> [Data excerpt]:
★ ★ ★ ★ ★
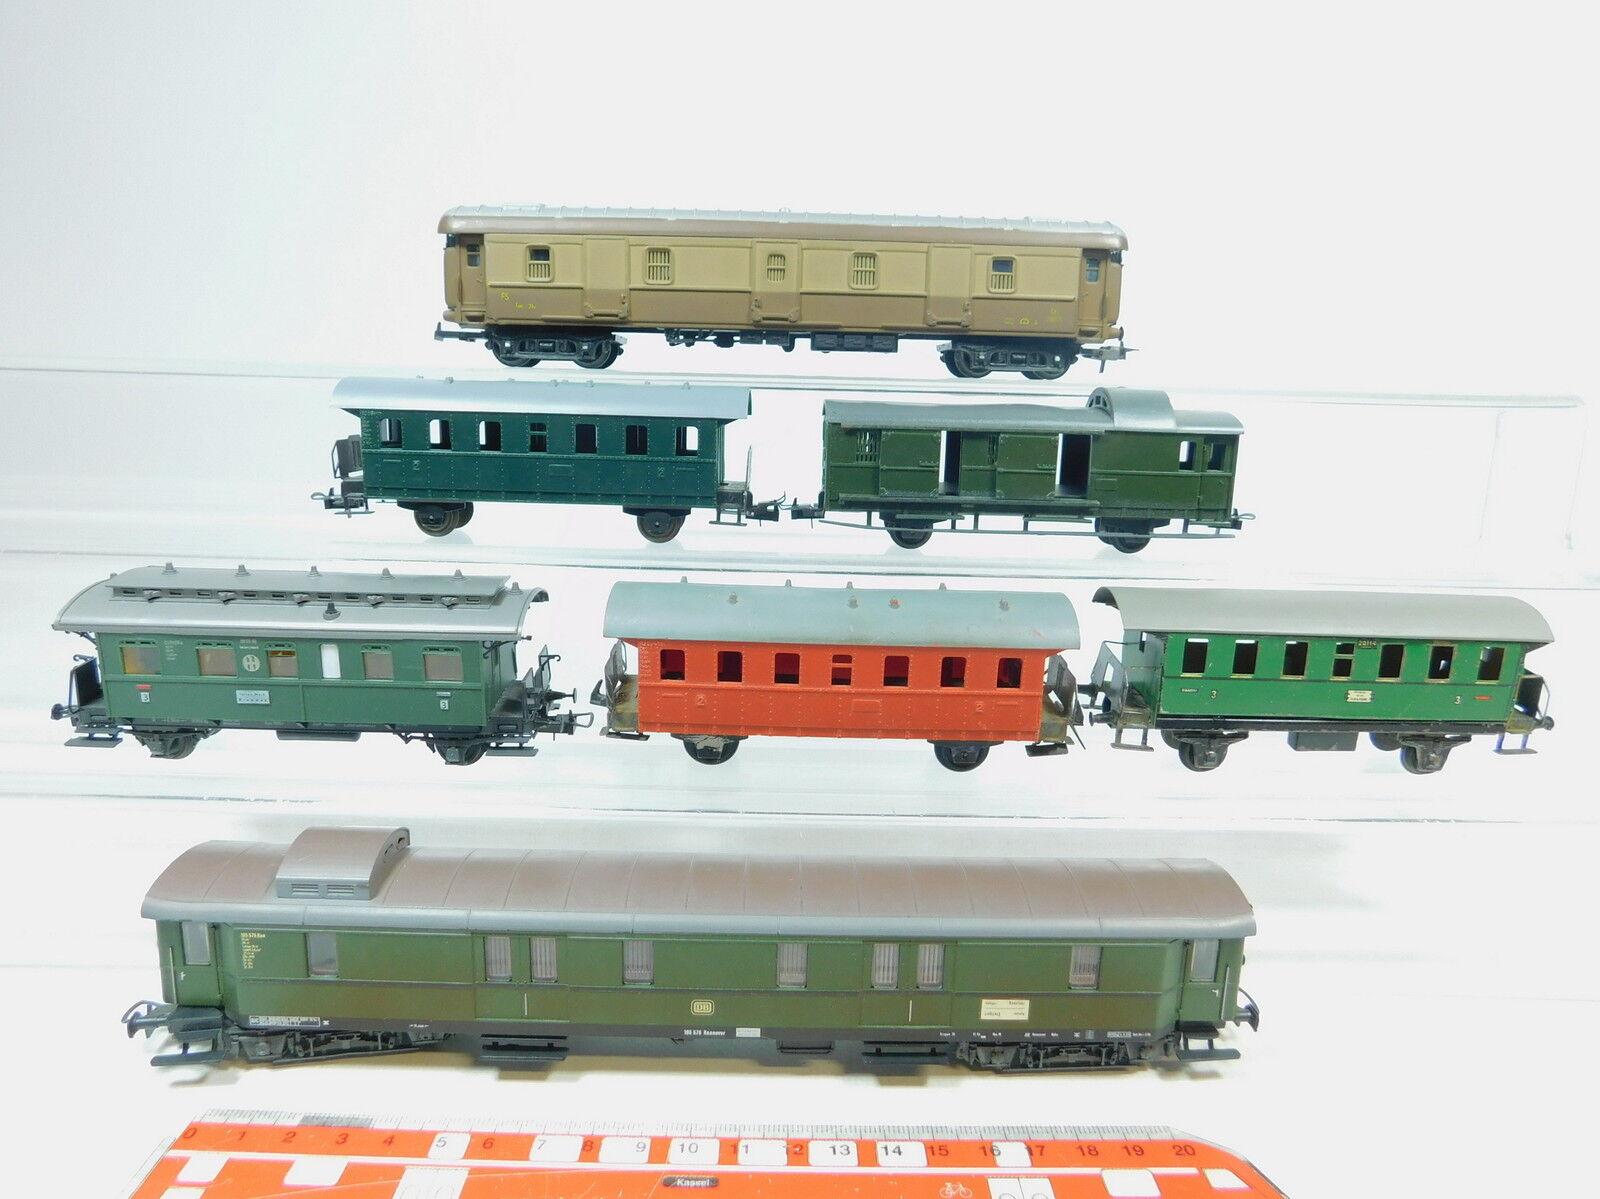 Av148 -2 x Trix   Lima etc. H0  Dc Hobby järnvägway bils etc.  20114 28878 Etc.
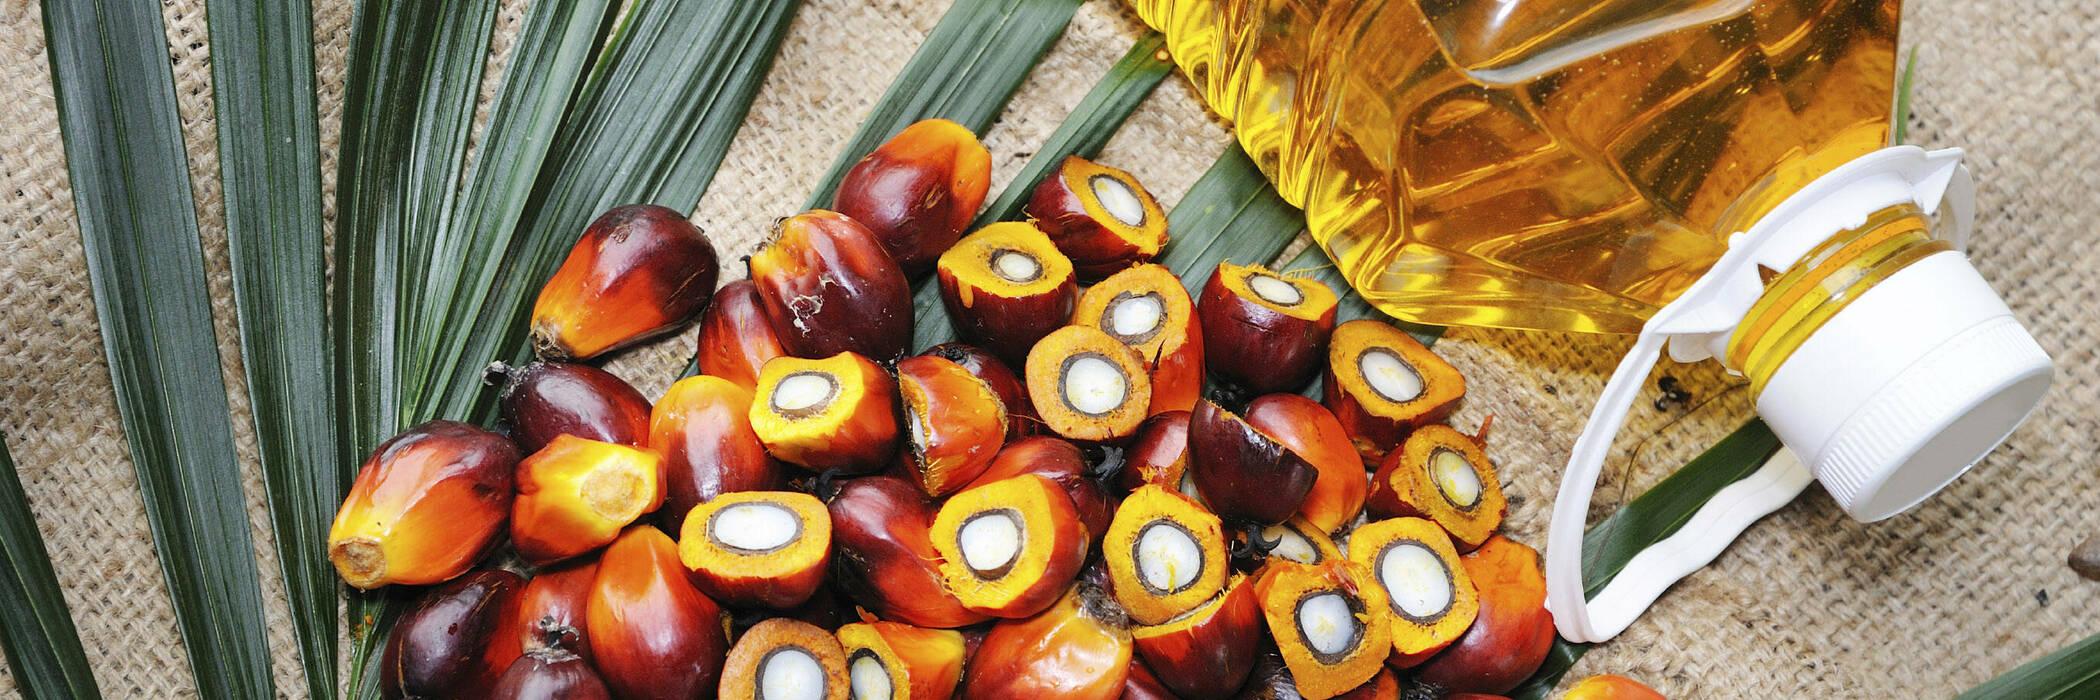 16mar palm oil hero
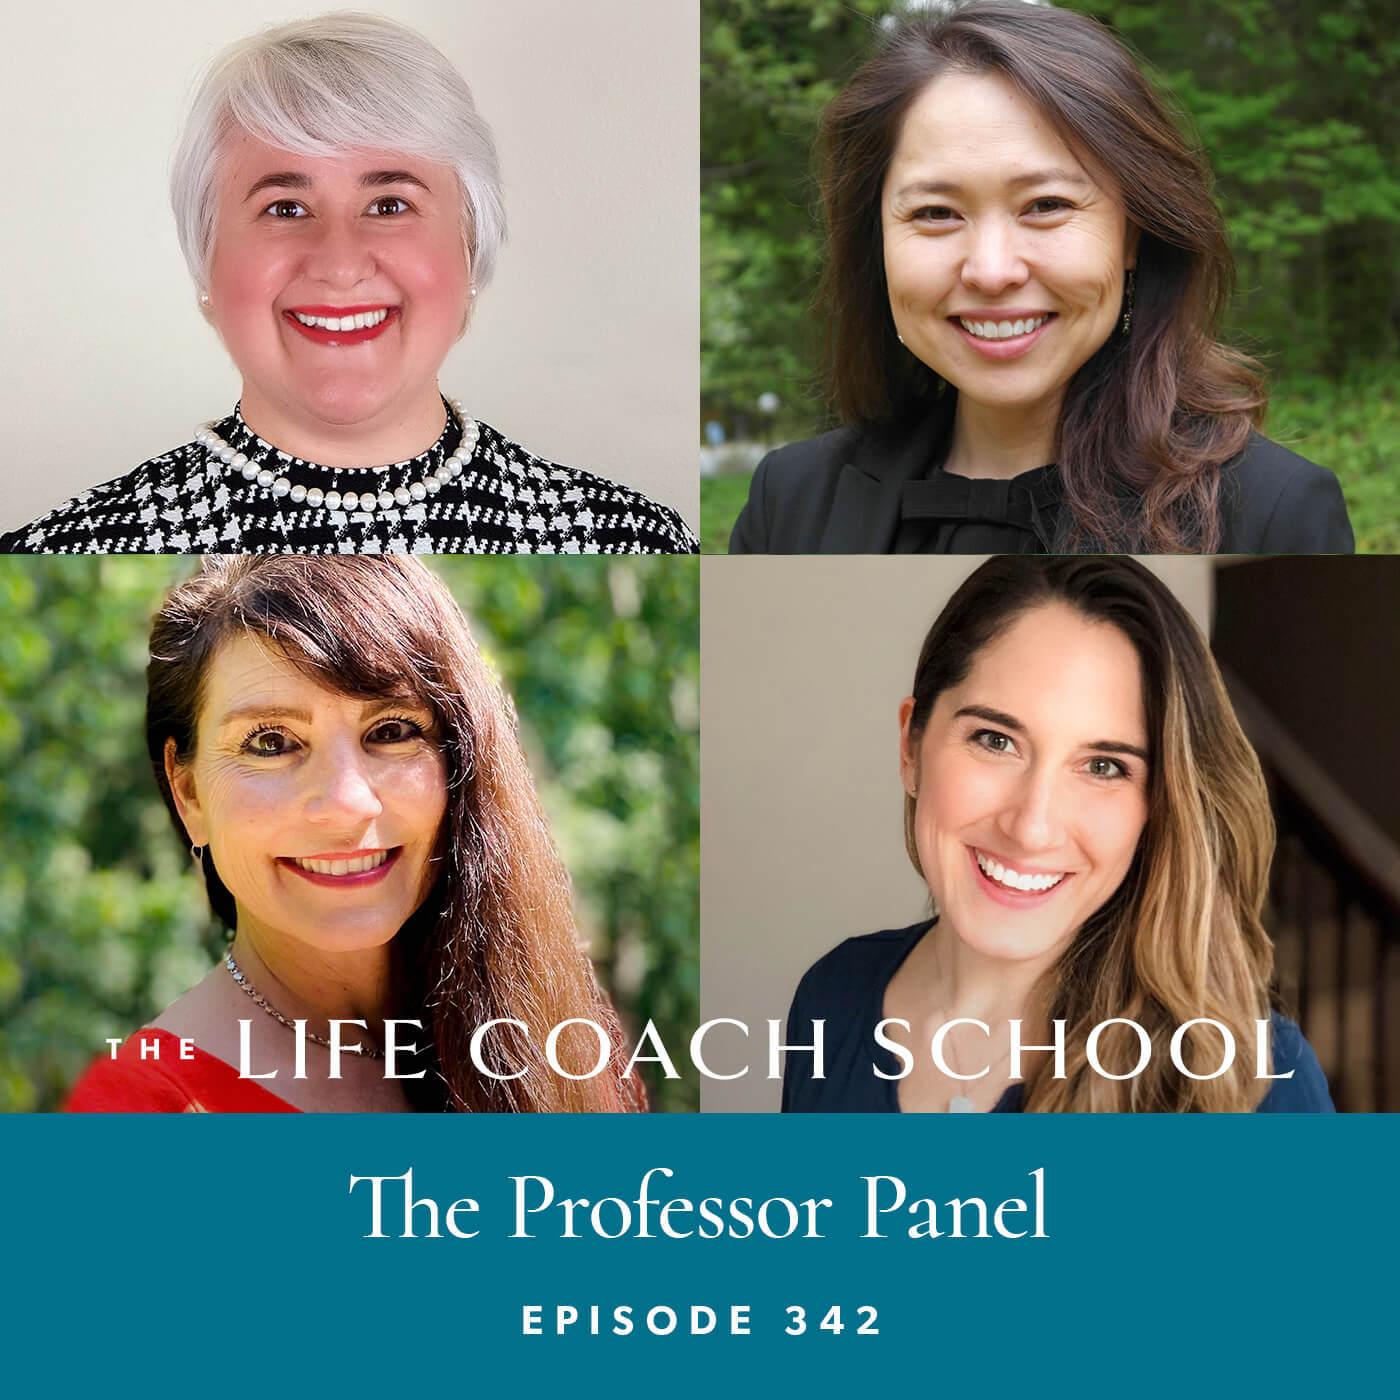 Ep #342: The Professor Panel
★ ★ ★ ★ ★
> [What you will do]: Output all the data, exactly, without images.

> [Reply to the exercise]:
 Av148 -2 x Trix   Lima etc. H0  Dc Hobby järnvägway bils etc.  20114 28878 Etc.
 16mar palm oil hero
 Ep #342: The Professor Panel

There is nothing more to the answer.